Patterns of discrimination
The number of racial covenants the students uncovered in Stearns County doesn't surprise Kirsten Delegard, co-founder of the Mapping Prejudice Project at the University of Minnesota. It’s uncovered about 30,000 similar documents in Hennepin and Ramsey counties so far.
“We know that racial covenants are pretty much in every county across the country,” Delegard said. “There's no place that people have gone looking for them where they have not found them.”
Delegard said powerful organizations with extensive reach promoted the use of racial covenants. That included the National Association of Realtors and the federal government, which made racial covenants a condition of favorable loan rates in the 1930s.
She said people often mistakenly think of racial covenants as a reaction to the migration of Black people from the rural South to the urban North.

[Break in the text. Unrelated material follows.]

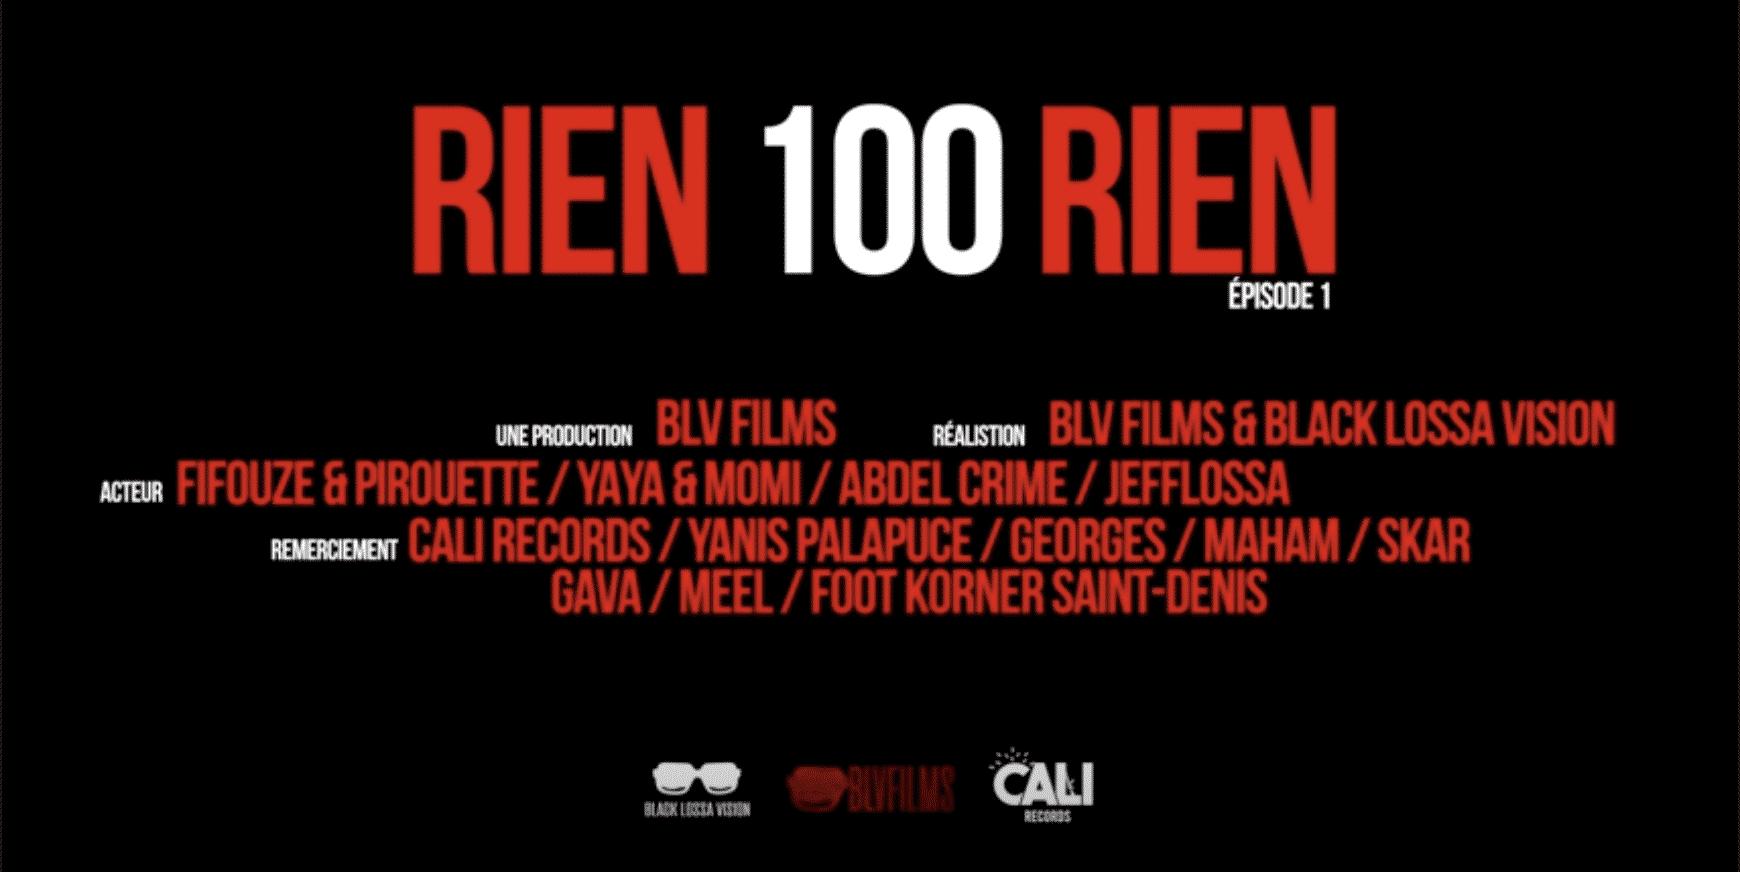 RIEN 100 RIEN - Episode 1 VF 73

“One of the things that is illuminating about looking at Minnesota is finding that that pattern just doesn't hold true — that it's a preemptive effort here to make sure that all the land is reserved for white people,” Delegard said.
While racial covenants are no longer enforceable, Nash said the students want to continue studying lingering racial divides in real estate — including white flight to suburbs such as Sartell, Sauk Rapids and Cold Spring as St. Cloud’s population has gotten more diverse.
“Even though the deeds aren't valid anymore, the attitudes and the understandings continue to linger,” she said.
Seeking change
Some greater Minnesota cities including Rochester and Mankato have launched efforts to track and remove racial covenants, many through the Just Deeds coalition.
No organized effort is underway yet in Stearns County, but the students say they're sharing their research with the county history museum to raise awareness.
Stearns County Recorder Rita Lodermeier said the county board hasn’t taken any formal action on the issue, but her office has reached out to the Just Deeds project.
“I think it’s important to get this out there, so people can get these restrictions removed from the records,” she said.
Under Minnesota law, property owners who discover racist language on their deed can fill out a form with their county recorder’s office discharging the restrictive covenant.
It’s largely a symbolic move, Delegard said, and should be people’s first step toward making their neighborhood more equitable.
“What can you do then to increase homeownership opportunities for people who are not white?” Delegard asked.